1. kesetaraan numerik tidak akan dilanggar jika kedua bagian-bagiannya menambahkan jumlah yang sama untuk ekspresi yang ada.
A ↔ B = A + B = 5 + 5
2. Jangan dilanggar persamaan, jika kedua belah pihak dikalikan atau dibagi dengan jumlah yang sama atau ekspresi, yang berbeda dari nol.
↔ P = O P = O ∙ 5 ∙ 5
P = O ↔ R 5 = Tentang 5
3. Menambah kedua sisi identitas fungsi yang sama, itu masuk akal sama sekali nilai yang mungkin dari variabel, kita memperoleh persamaan baru, yang setara dengan aslinya.
F (X) = Ψ (X ) ↔ F (X) + R (X) = Ψ (X) + R (X)
4. Setiap istilah atau ekspresi dapat ditransfer ke sisi lain dari tanda sama, Anda akan perlu mengubah tanda.
X + Y = 5-20 ↔ X = Y - 20 - 5 ↔ X = Y - 25
5. kalikan atau membagi kedua sisi dengan fungsi yang sama yang berbeda dari nol dan memiliki arti untuk setiap nilai X dari DHS, kita memperoleh persamaan baru, yang setara dengan aslinya.

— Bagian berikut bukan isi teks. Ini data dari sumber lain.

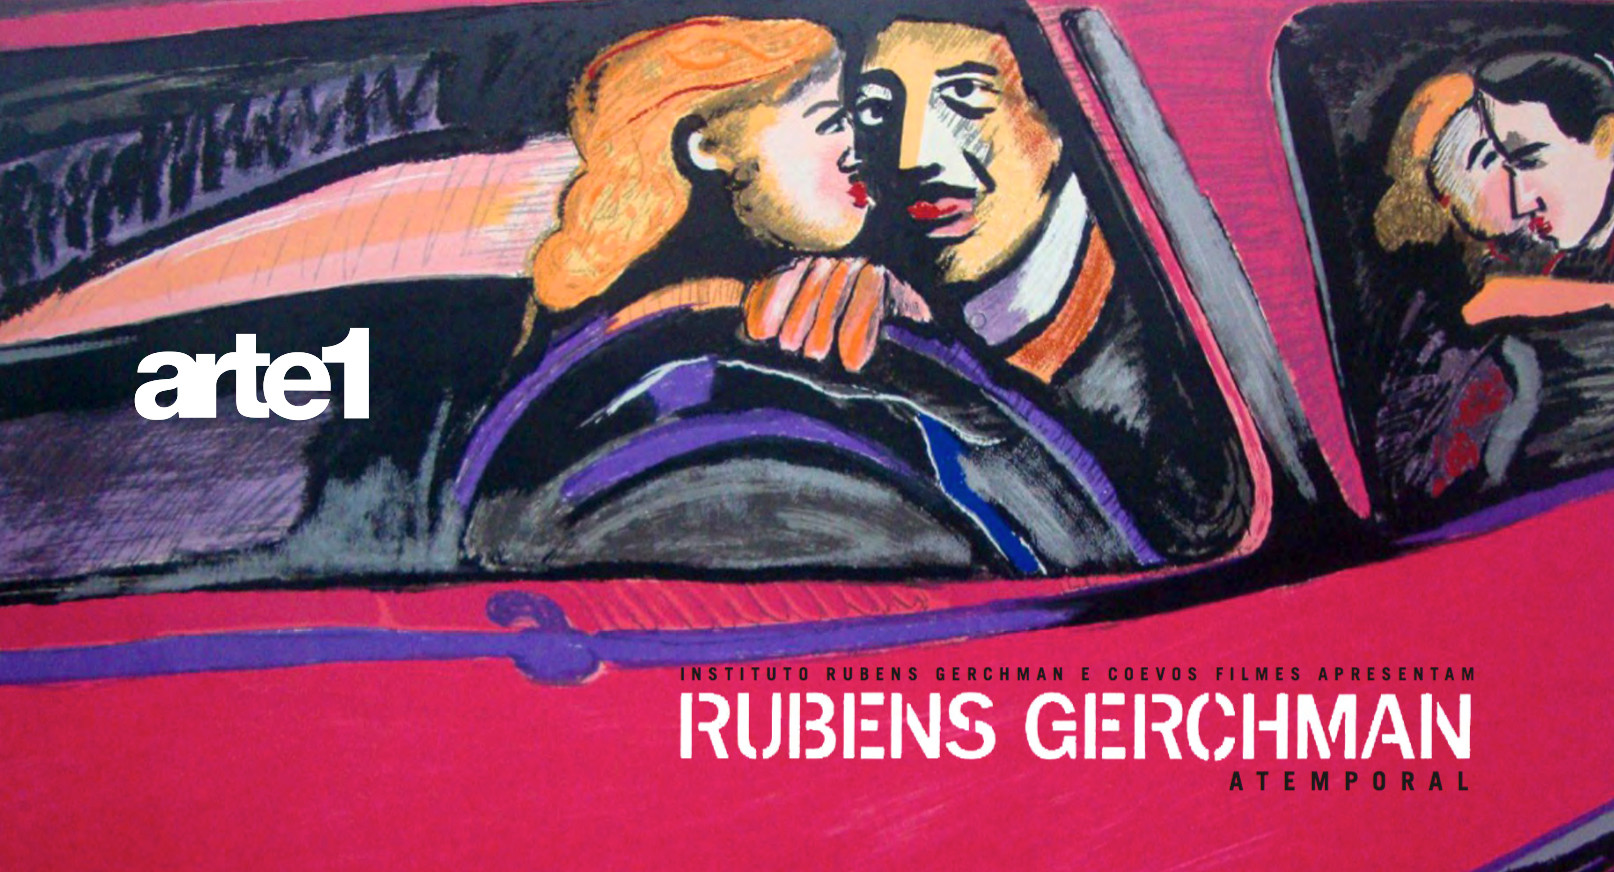 Rubens Gerchman - Atemporal

F (X) = Ψ (X ) ↔ F (X) ∙ R (X) = Ψ (X) ∙ R (X)
F (X) = Ψ (X ) ↔ F (X): G (X) = Ψ (X): G (X)
Aturan-aturan ini tegas menunjukkan tingkat prinsip kesetaraan, yang ada dalam kondisi tertentu.
Konsep proporsi
Dalam matematika ada hal seperti kesetaraan hubungan. Dalam hal ini berarti menentukan proporsi. Jika bagian A ke B, maka hasilnya adalah rasio jumlah A ke B. Proporsi disebut kesamaan dua hubungan:
Kadang-kadang proporsi ditulis sebagai berikut: A: B = C: D. Oleh karena itu dasar proporsi properti: A * D = D * C , di mana A dan D - ekstrem proporsi, dan B dan C - menengah.
identitas
Identitas disebut kesetaraan, yang akan berlaku untuk semua nilai yang mungkin dari variabel-variabel yang merupakan bagian dari pekerjaan. Identitas dapat direpresentasikan sebagai kesetaraan abjad atau numerik.
Identik sama dengan adalah ekspresi yang mengandung kedua sisi variabel yang tidak diketahui, yang dapat menyamakan dua bagian dari satu keseluruhan.
Jika kita menarik penggantian satu ekspresi dengan yang lain, yang sama dengan, jika datang ke transformasi identitas. Dalam hal ini, Anda dapat menggunakan rumus perkalian singkat, hukum aritmatika dan identitas lainnya.
Untuk mengurangi sebagian kecil, perlu untuk melaksanakan transformasi identitas. Sebagai contoh, sebagian kecil yang diberikan. Untuk mendapatkan hasil, Anda harus menggunakan rumus singkat perkalian, faktorisasi, penyederhanaan dan pengurangan ekspresi fraksi.
Hal ini patut dipertimbangkan bahwa ungkapan ini akan sama ketika penyebut tidak sama dengan 3.
5 cara untuk membuktikan identitas
Untuk membuktikan identitas, Anda perlu melakukan transformasi ekspresi.
metode yang saya
Hal ini diperlukan untuk melakukan sebesar mengkonversi sisi kiri. Hasilnya adalah sisi kanan, dan kita dapat mengatakan identitas yang terbukti.
metode II
Semua tindakan pada transformasi ekspresi terjadi di sisi kanan. Hasil manipulasi adalah sisi kiri. Jika kedua bagian identik, identitas terbukti.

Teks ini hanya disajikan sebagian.